>>410935>>410945I don't think the U.S. will collapse like the USSR or Yugoslavia because the country's history and development is different. There are no "national republics" like Croatia or Ukraine within the United States other than Hawaii and Puerto Rico. That question was mostly settled during the Civil War. But one thing that's worth thinking about is how one of the contradictions on the right is the fact they staged a little rebellion for their president (the executive) against the legislature. They wanted to centralize the political system even more around an executive strongman. That's not separatism. It's the opposite of that. The other catch is that the presidency is decided by the electoral college, not the popular vote, and if we decided the presidency by popular vote that would be a different story because the Republicans have only won the popular vote once in the past 30 years (2004).
We can talk about right-wing populists being against the establishment, but there's the other side of the coin, which is that a lot of people feel that the system privileges the right because of the electoral college, the Senate, and the Supreme Court, and the "founding fathers" openly wrote about their contempt for democracy because it would lead to "wicked projects" like the redistribution of property. Then Trump gets elected against the establishment, but lost the popular vote (twice), and he's a billionaire whose populism was not actually against "the rich." His populism was more tribal – the tribal loyalties of a particular (mostly white) tribe against an "establishment" defined in terms of "culture" and "values" but which are also racial.
Because, historically, the U.S. has been ruled by a dominant white majority in terms of the economy, politics, culture, etc. etc. etc. The system has been unfair and cruel to minorities, but it has been stable for the most of the history, if we compare the U.S. to many other countries anyways. A lot of third-world anti-colonial revolutions were also waged by majorities against puppet rulers comprised of minorities (Catholics in South Vietnam).
The American ideology is also the American Dream, which says that if you work hard and buy into the ideology, then things will improve for you, and your kids will grow up happy and better off than you as well. The American ideology is an ideology of personal gain. It's not really like a nationalist ideology where you "work for the country." Working for your own gain is working for the country in this sense, which is how a scammy businessman like Trump who celebrates personal enrichment can be elected as a "nationalist" and that doesn't seem paradoxical at all to his supporters. But the United States is relatively new as a country in historical terms. Even saying "the American nation" sounds a little strange. How do you define it? The right defines it in terms of the historically dominant white majority but coupled with the American Dream ideology.
But if the American Dream is no longer true, that creates a crisis. I think the reason is because the global empire built around the U.S. is falling apart. This ideology worked as long as the empire could expand and (theoretically) benefit everyone.
Other countries are resisting and pushing back, so there's no way for America to move forward, only retreat.
People don't necessarily want to disbelieve in the American Dream, though, so they accuse other things or groups as being responsible (immigrants, "the establishment," Chynah, Russia, "deplorables," etc.). Americans have a hard time reckoning with a structural problem like this. You have to change the whole system and ideology. The white Trump supporters also would like a centralized president to rule the country, and they believe they were cheated out of it, but it feels more like they're flipping to the opposite, where a dominant white majority with relatively uniform values is becoming a minority – they fear that anyways – compared to everyone else who are grouped up, and this white group tries to dominate the political system by openly criminal methods.

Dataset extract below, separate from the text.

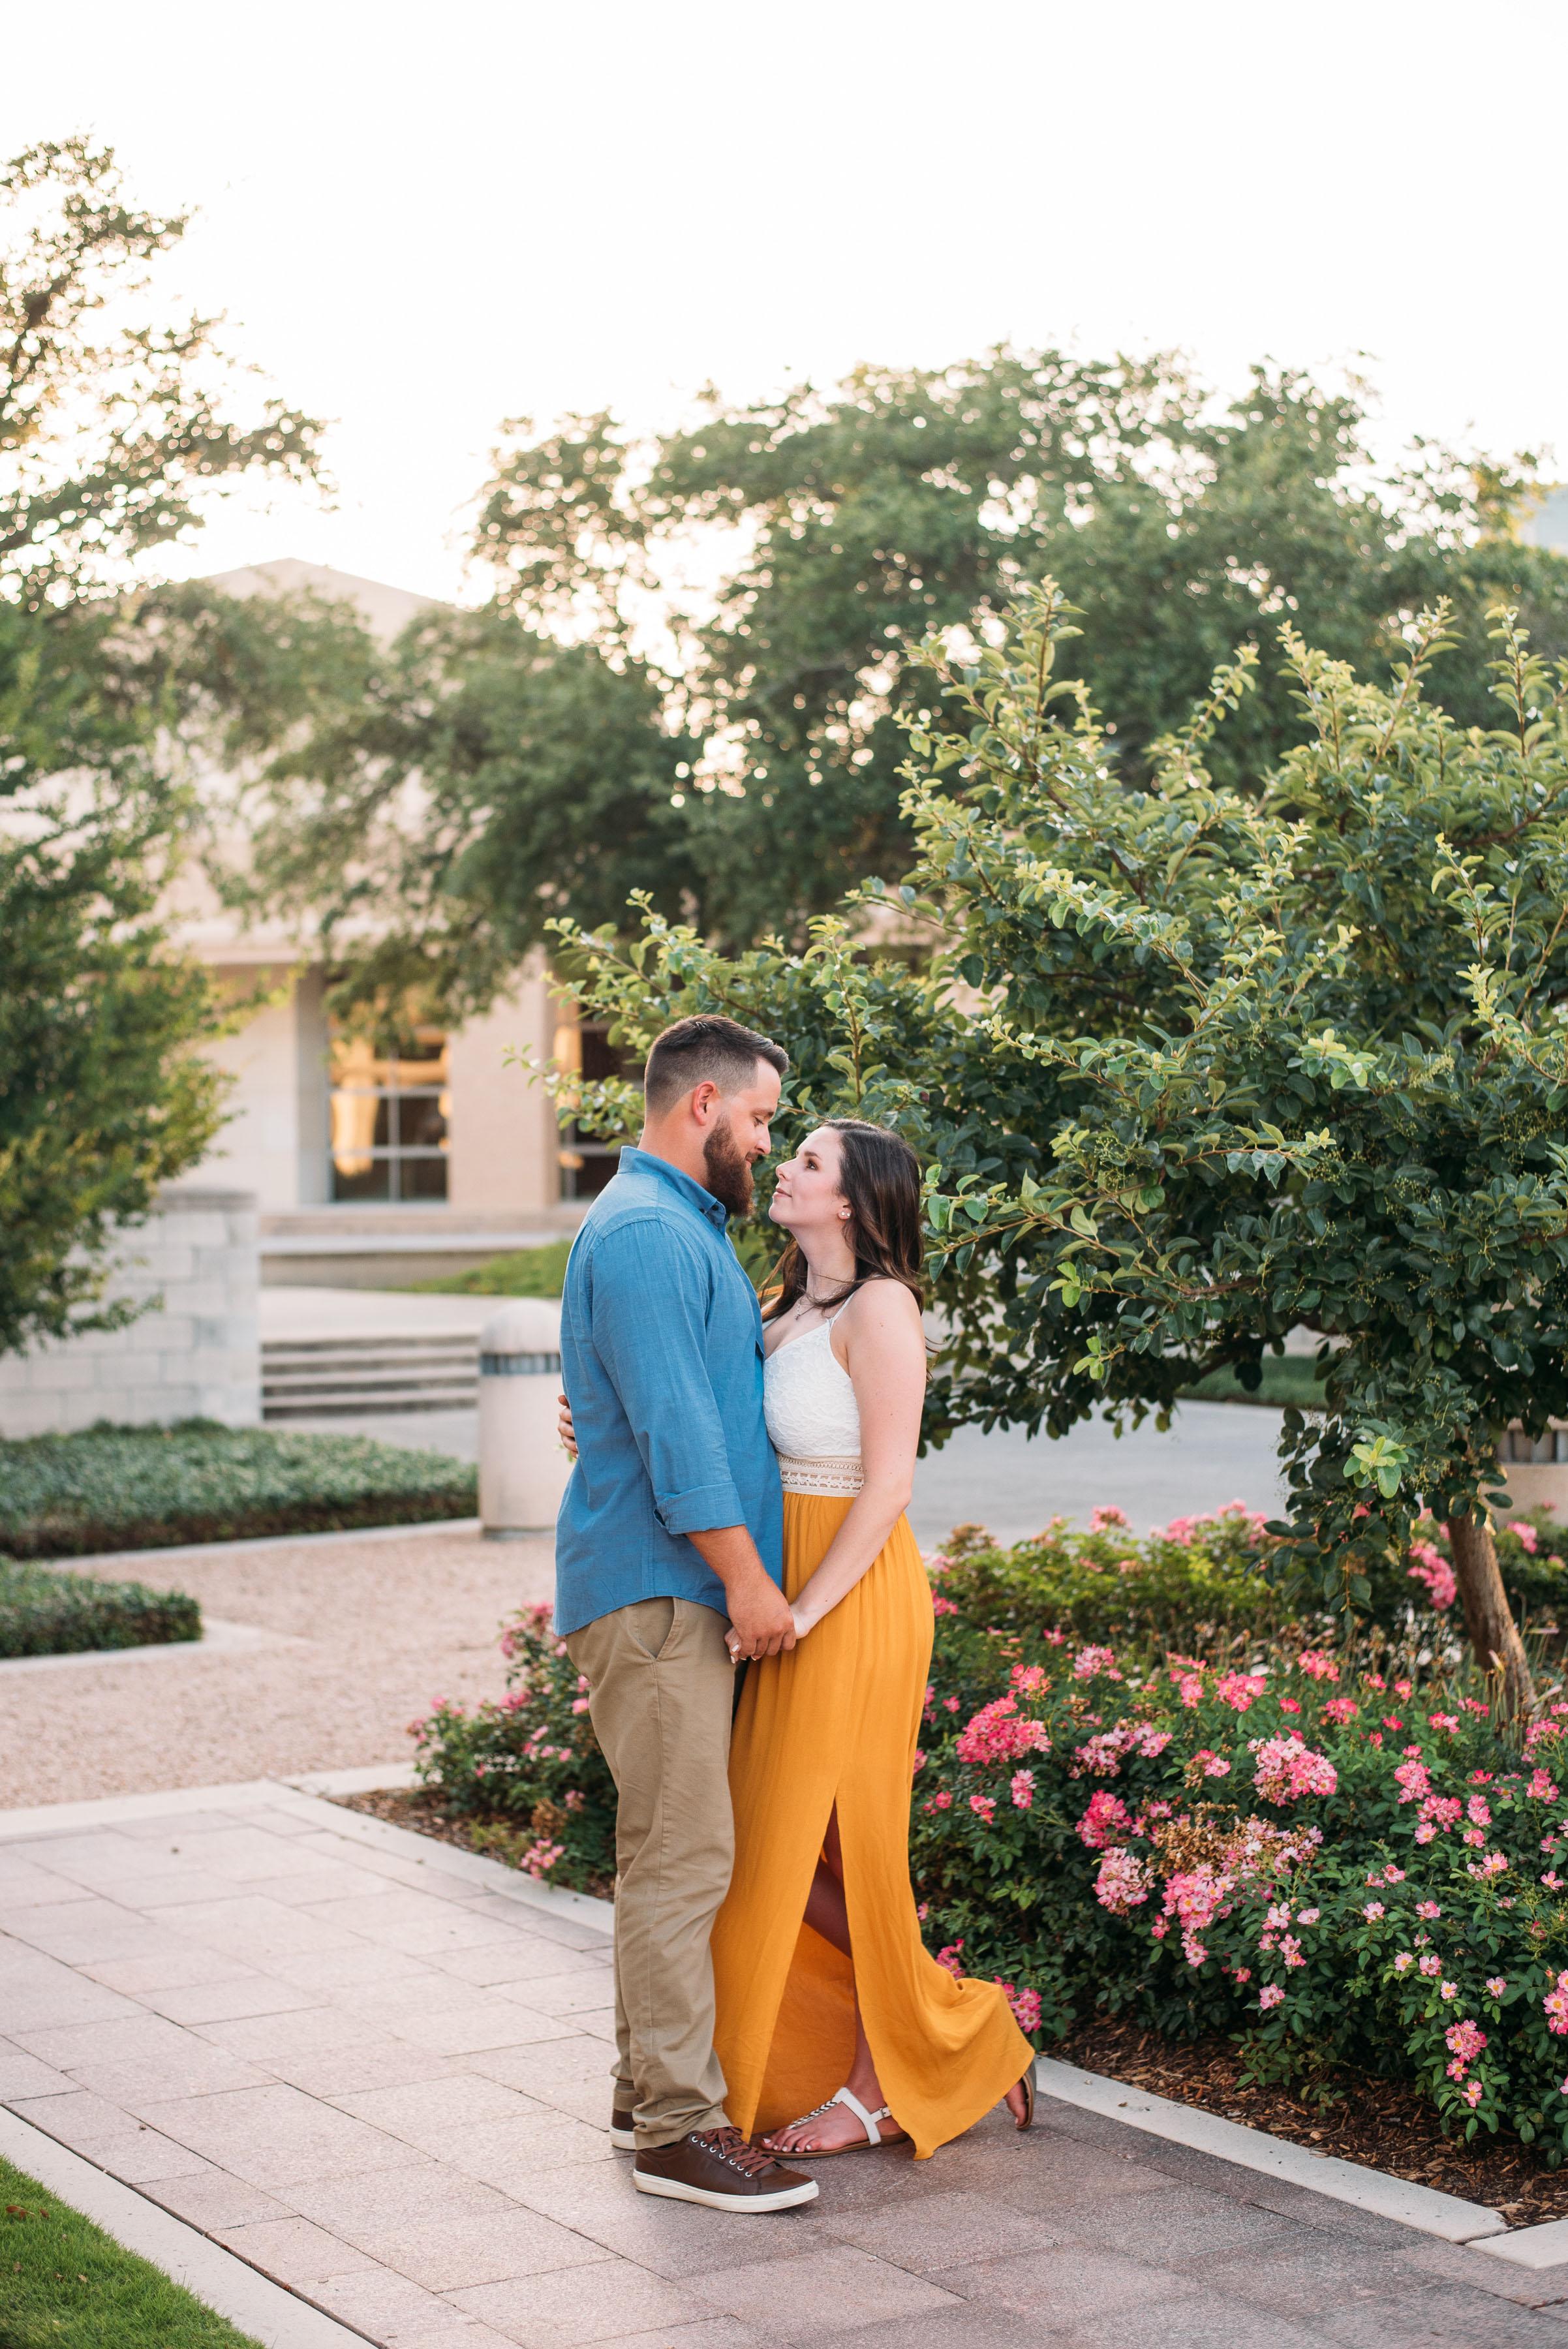 George-Bush-Library-Texas-A&M-University-Engagement-College-Station-Wedding-Photographer-San-Angel-Photo-Mark-Jenna-Matt-Century-Tree-04.jpg

The U.S. system has become more centralized in some ways though. The internal security system like DHS and post-9/11 act gave more powers to the federal government. The president is more powerful than ever to decide matters of war. But the national government has a hard time dealing with big internal problems. The state's capacity to handle problems is just eroding. Maybe in the future there will be an American socialism that frees the American nation from the empire and the monopoly capitalists who rule it, but it won't be what the white Trump supporters have in mind either. It won't be a "white" regime or a regime advancing the interests of a particular tribe.